A rundown of recent top FCRA, TCPA and FDCPA cases from ACA.
06/02/2023 2:40 P.M.
2.5 minute read
Each week, ACA International’s compliance team covers relevant case summaries for ACA members. Members may also submit cases for consideration to our compliance team at [email protected].
Here are the cases covered May 31 – June 2:
Gebreseralse v. Columbia Debt Recovery: Court Denies Debt Collector’s Bona Fide Error Claim
A consumer sued a debt collector for sending allegedly misleading letters to her in an attempt to collect a debt.
Brayton v. Alltran Financial: Placing 14 Unanswered Calls and Using a Local Area Code Did Not Violate the FDCPA
A North Carolina district court found that placing 14 calls over a one-month period while using a local area code to make the calls did not violate the FDCPA.
Goodall v. LVNV Funding: Noncompliance with State Registration Law Raises FDCPA Claim
A Virginia district court found that registration under state law necessary for state-court collection action and suit brought by an unregistered collector raised FDCPA Section 1692e claims.
Johnson v. LVLV Funding; Credit One: Court Finds Credit Reporting is Collection Activity Under the FDCPA
A California district court held that reporting a debt to a CRA is collection activity under Section 1692g(b) of the FDCPA.

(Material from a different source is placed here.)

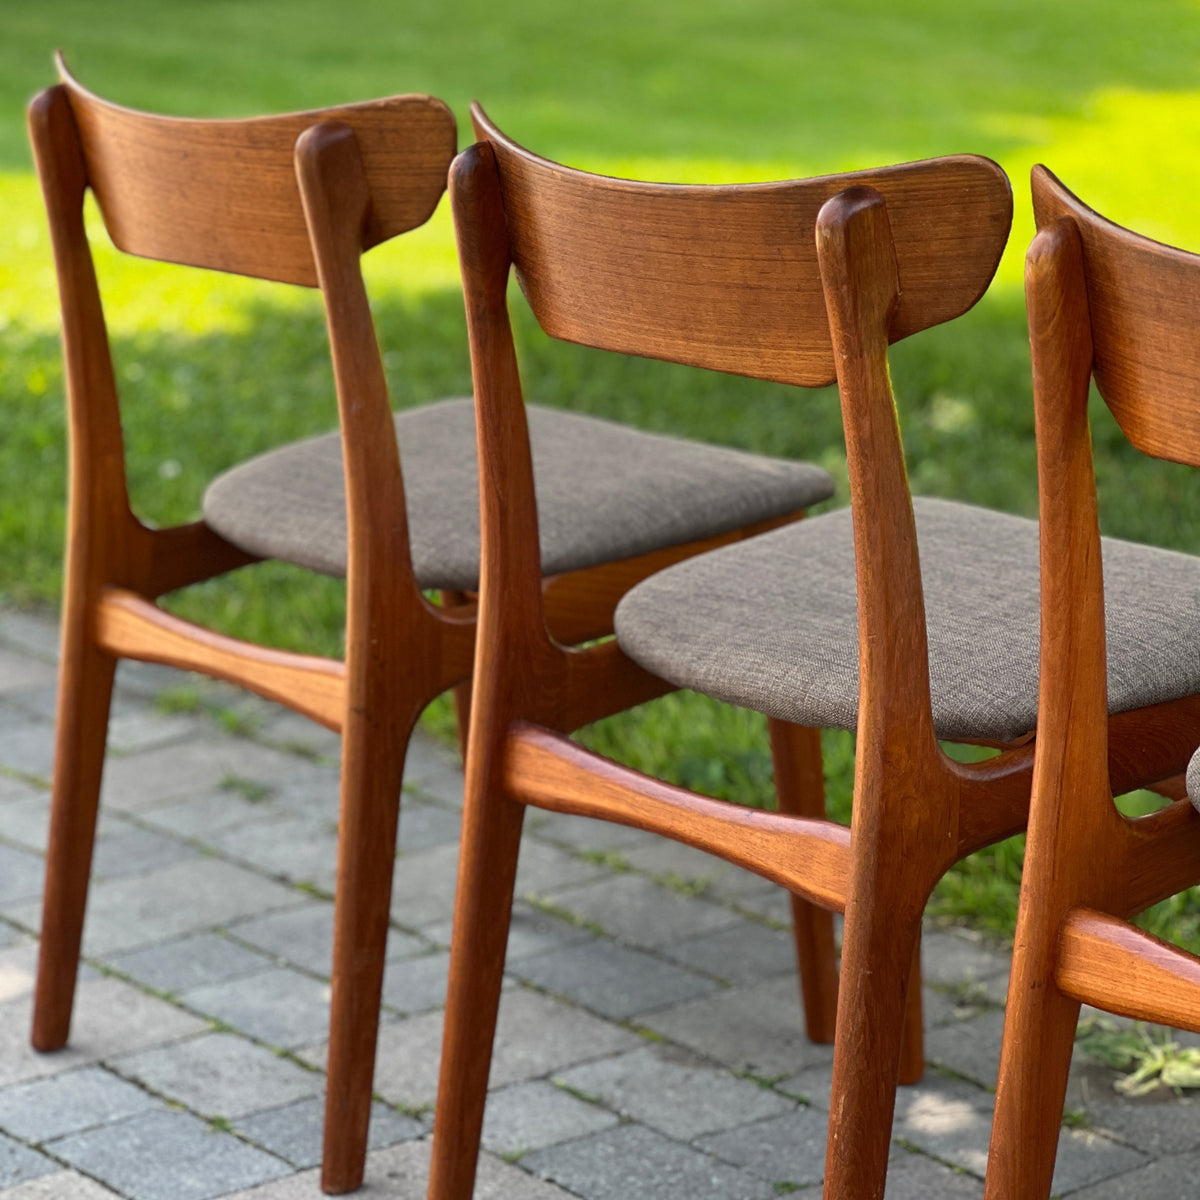 Schiønning &amp; Elgaard Teak Chairs

Cruz v. Ally Financial: Consumer Did Not Raise a Federal Claim in Complaint, Case Remanded to State Court
A consumer sued a data furnisher in state court. Although the complaint did not mention the FCRA, the data furnisher removed the case to federal court. The court then reviewed the case to see if it had jurisdiction over the matter.

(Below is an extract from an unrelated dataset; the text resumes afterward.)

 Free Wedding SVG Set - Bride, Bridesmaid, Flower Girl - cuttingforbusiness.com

Ozmun v. Portfolio Recovery Assocs.: Settlement Does Not Entitle Consumer Attorney to Award of Attorney’s Fees
A consumer requested an award of attorney’s fees after he had reached a settlement agreement with a debt collector. The court held that the consumer was not entitled to an award of attorney’s fees.

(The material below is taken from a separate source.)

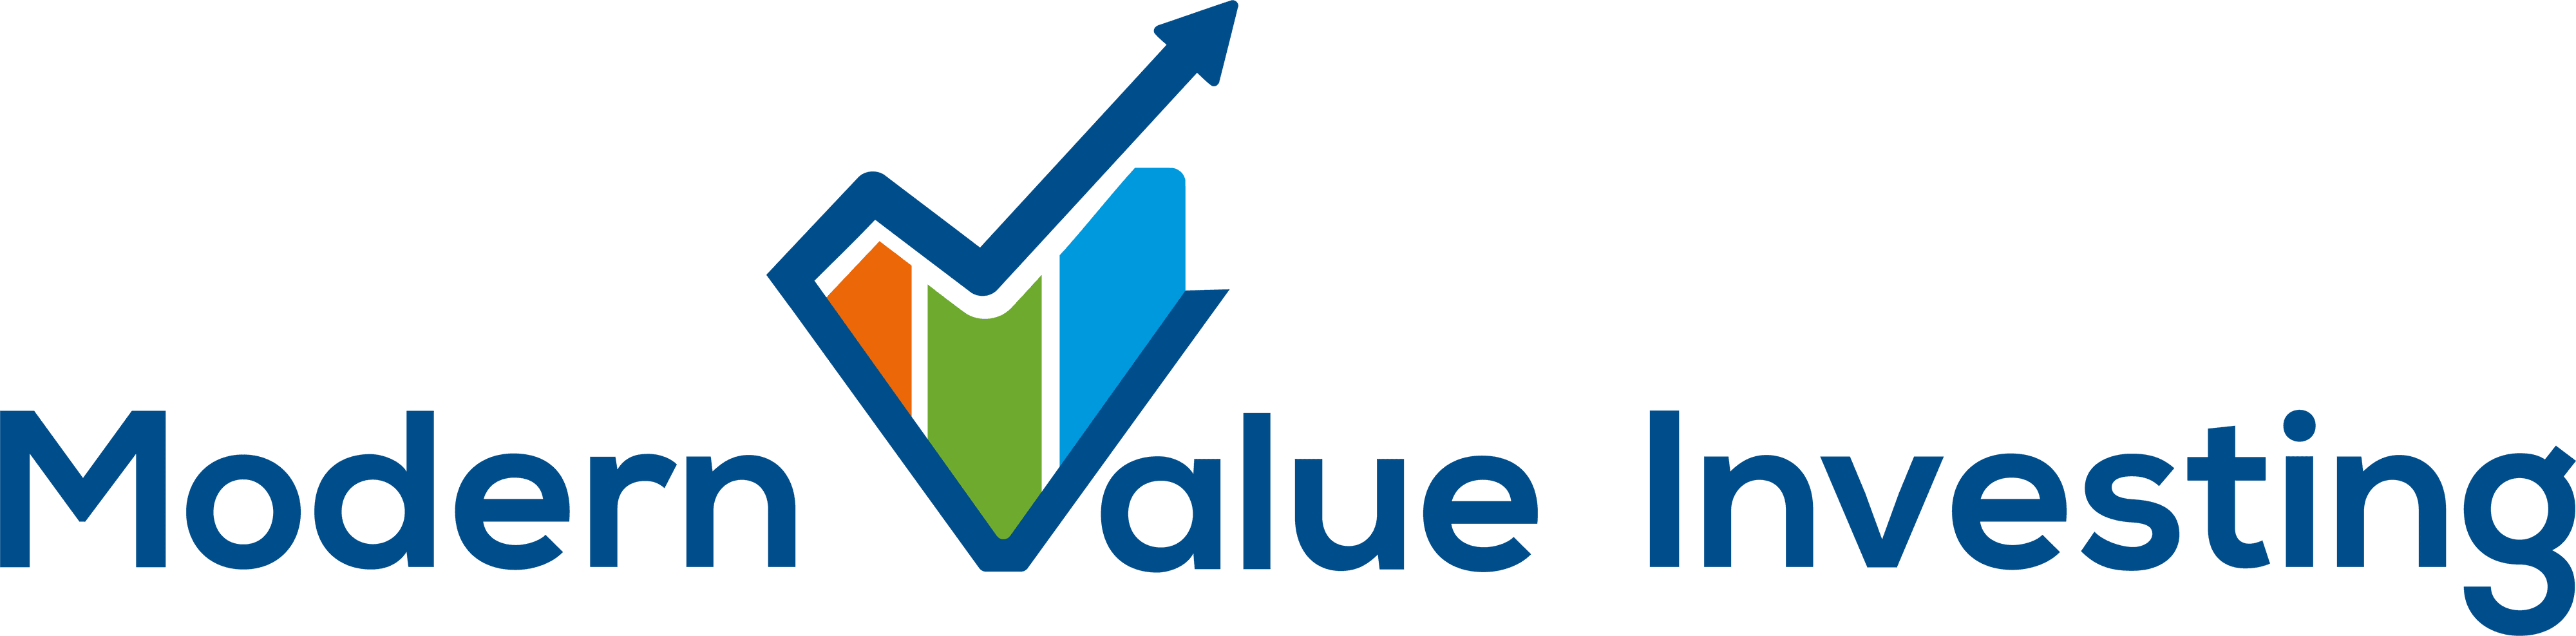 modern_value_investing bannière

Pistone v. Client Services: Court Finds No FDCPA Violation for Including Two Different Addresses in Collection Letter
A New Jersey District court found that a consumer did not have standing to sue over alleged confusion stemming from a collection letter’s inclusion of two addresses. Additionally, the court found that even if the plaintiff had shown a concrete injury, her FDCPA claims failed as a matter of law.